Hasil survei tersebut juga mengindikasikan bahwa kampanye vaksinasi Covid-19 oleh pemerintah selama ini belum sepenuhnya diterima dan dipahami masyarakat. Padahal, vaksinasi ini sangat penting. Apalagi, anggaran yang telah dikeluarkan pemerintah cukup besar, mencapai Rp134 triliun lebih.
Dalam Perpres Nomor 14 Tahun 2021 tentang Pengadaan Vaksin dalam Rangka Penanggulangan Pandemi Corona Virus Disease, ditegaskan bahwa masyarakat yang menolak vaksinasi akan diberi sanksi.
"Saya tidak begitu yakin bahwa sanksi yang disebutkan dalam Perpres Nomor 14 itu akan meningkatkan partisipasi masyarakat. Menurut saya, partisipasi itu akan lebih meningkat jika sosialisasinya dilakukan secara serius di seluruh Indonesia," paparnya.
Ia melanjutkan, jika ada denda yang harus dibayarkan untuk tidak divaksin, dikhawatirkan masyarakat yang menolak justru akan membayarkan denda agar tidak divaksin.

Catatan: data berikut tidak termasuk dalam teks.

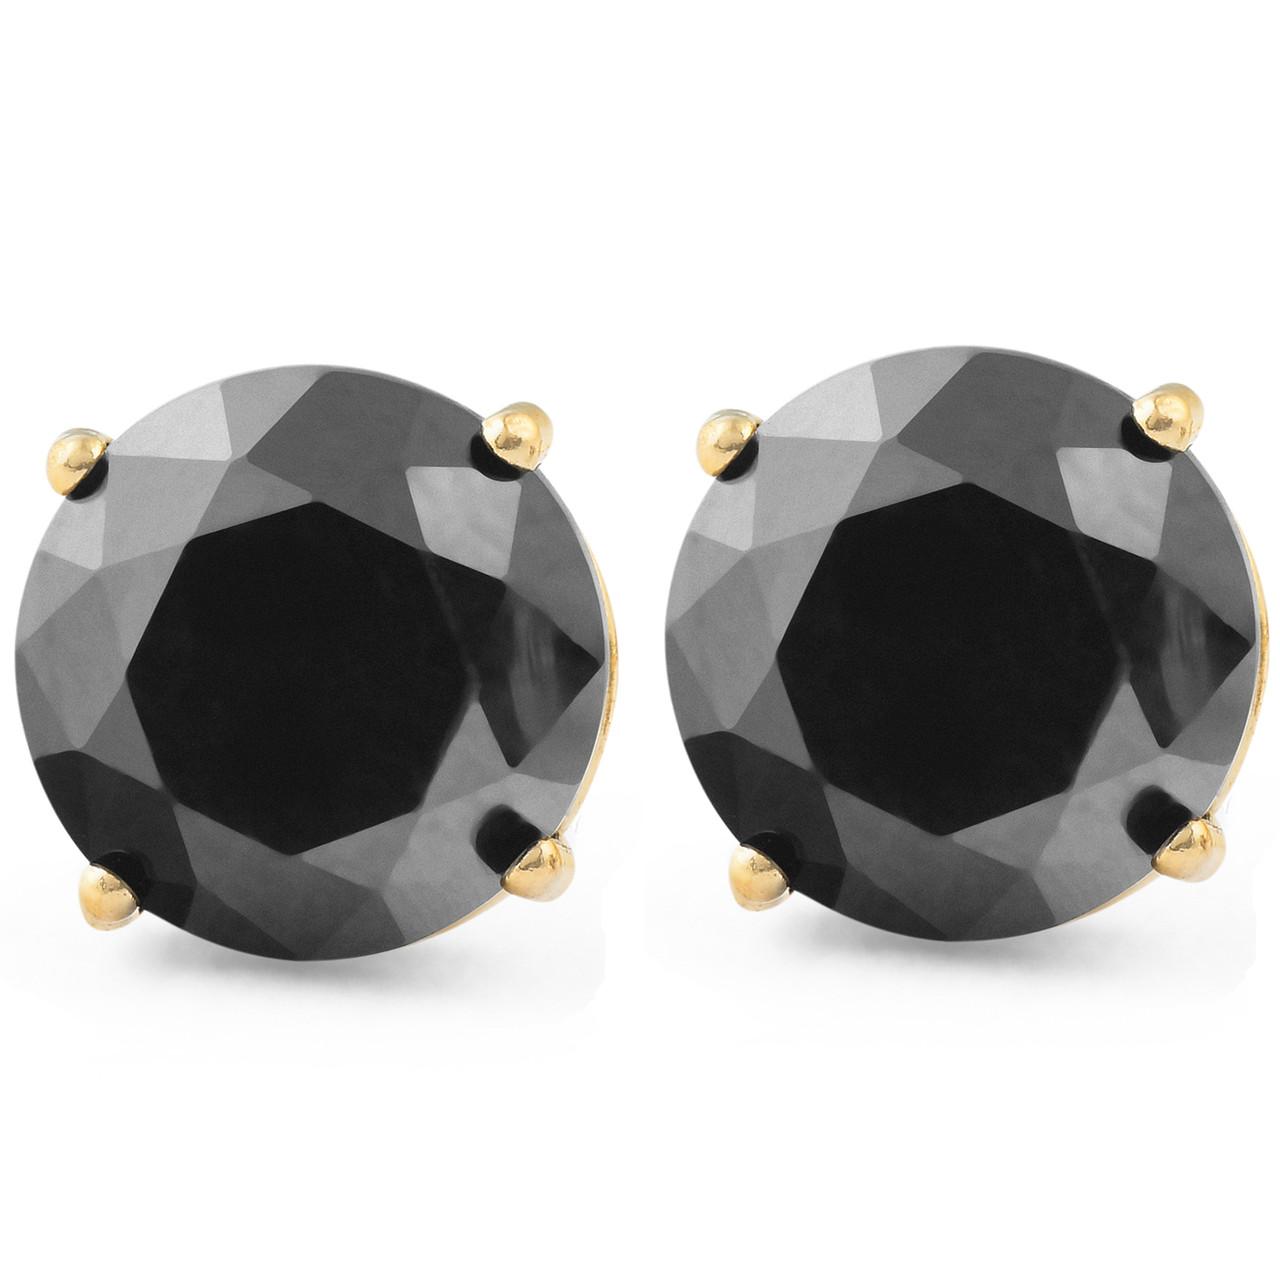 black enamel earrings black diamond earrings open diamond earrings Gold and black geometric earrings
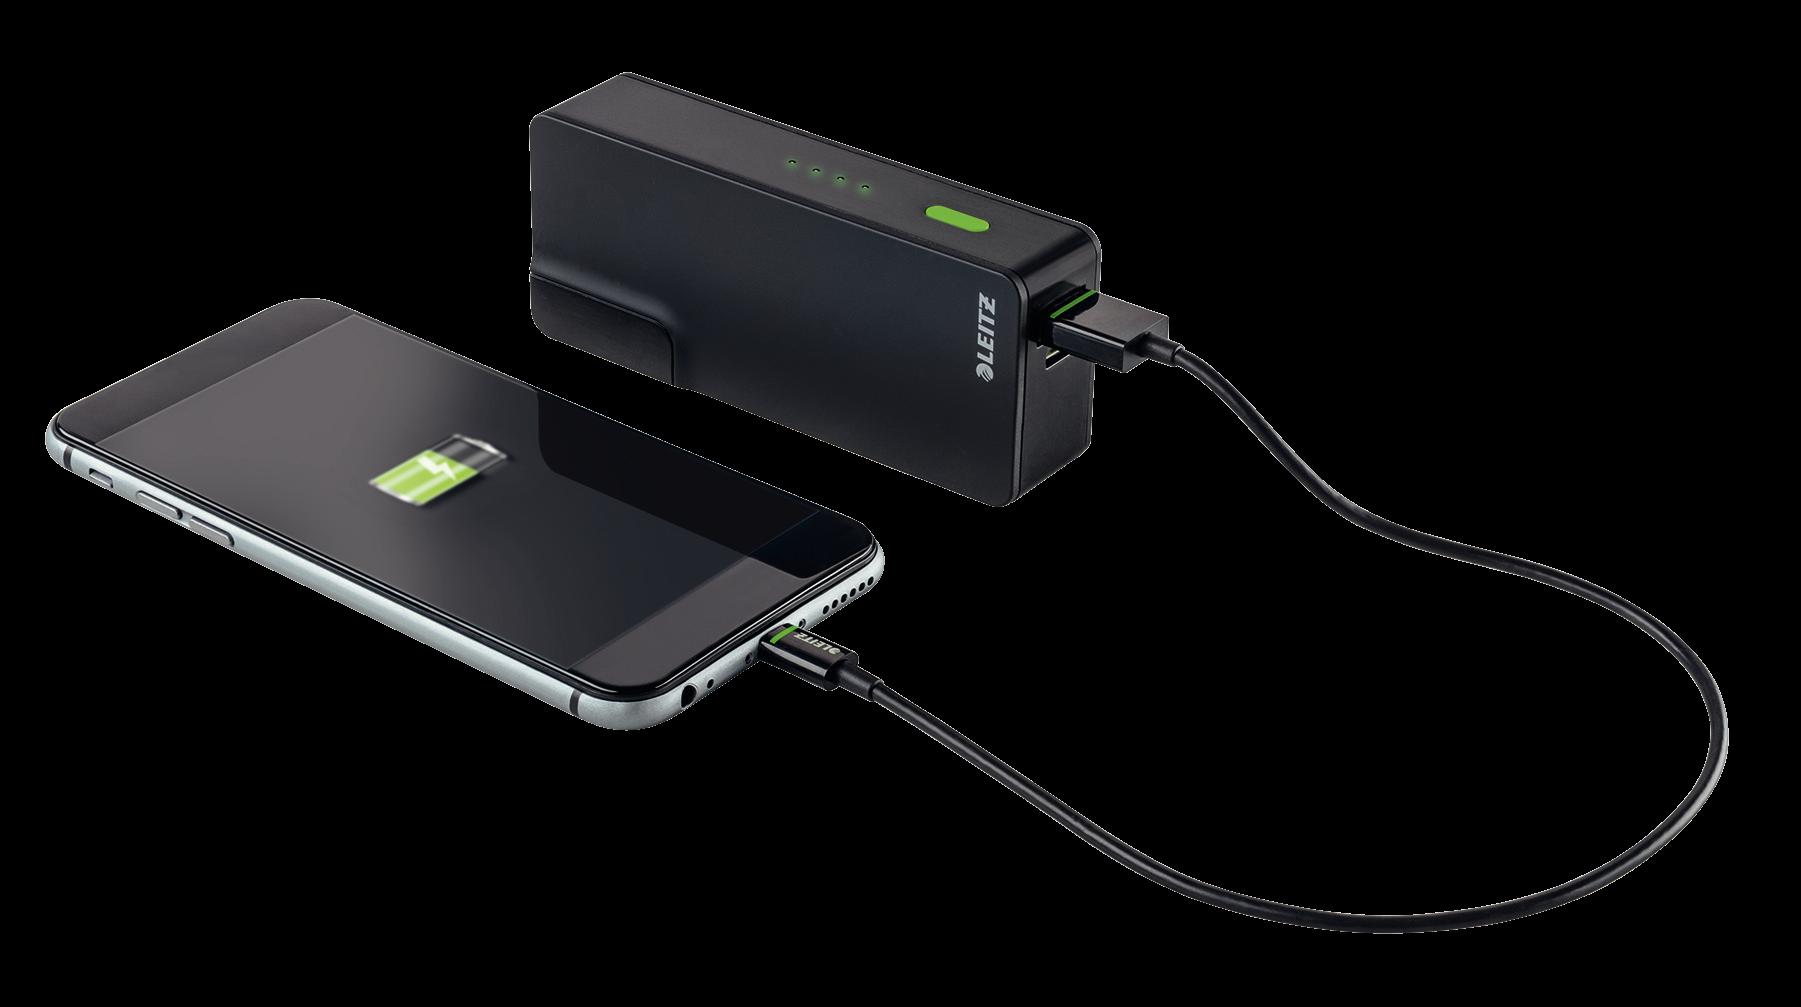 Descriere Incarcator si baterie, port USB, 3000mAh, LEITZ Complete

Sebab, ada banyak yang memang tidak mau divaksin.
Sebelumnya, adanya pemberian sanksi bagi masyarakat yang menolak untuk divaksin dikritisi DPR. Alasannya, dalam rapat kerja di Komisi IX, disepakati jika pemerintah tidak mengedepankan denda atau pidana.
Anggota Komisi IX DPR RI Netty Prasetiyani dalam keterangan persnya mengatakan, jika kebijakan tersebut sebagai inkonstitusi. Pemerintah dianggap melanggar kesimpulan rapat kerja dengan Komisi IX pada 14 Januari 2021 (poin 1 huruf g).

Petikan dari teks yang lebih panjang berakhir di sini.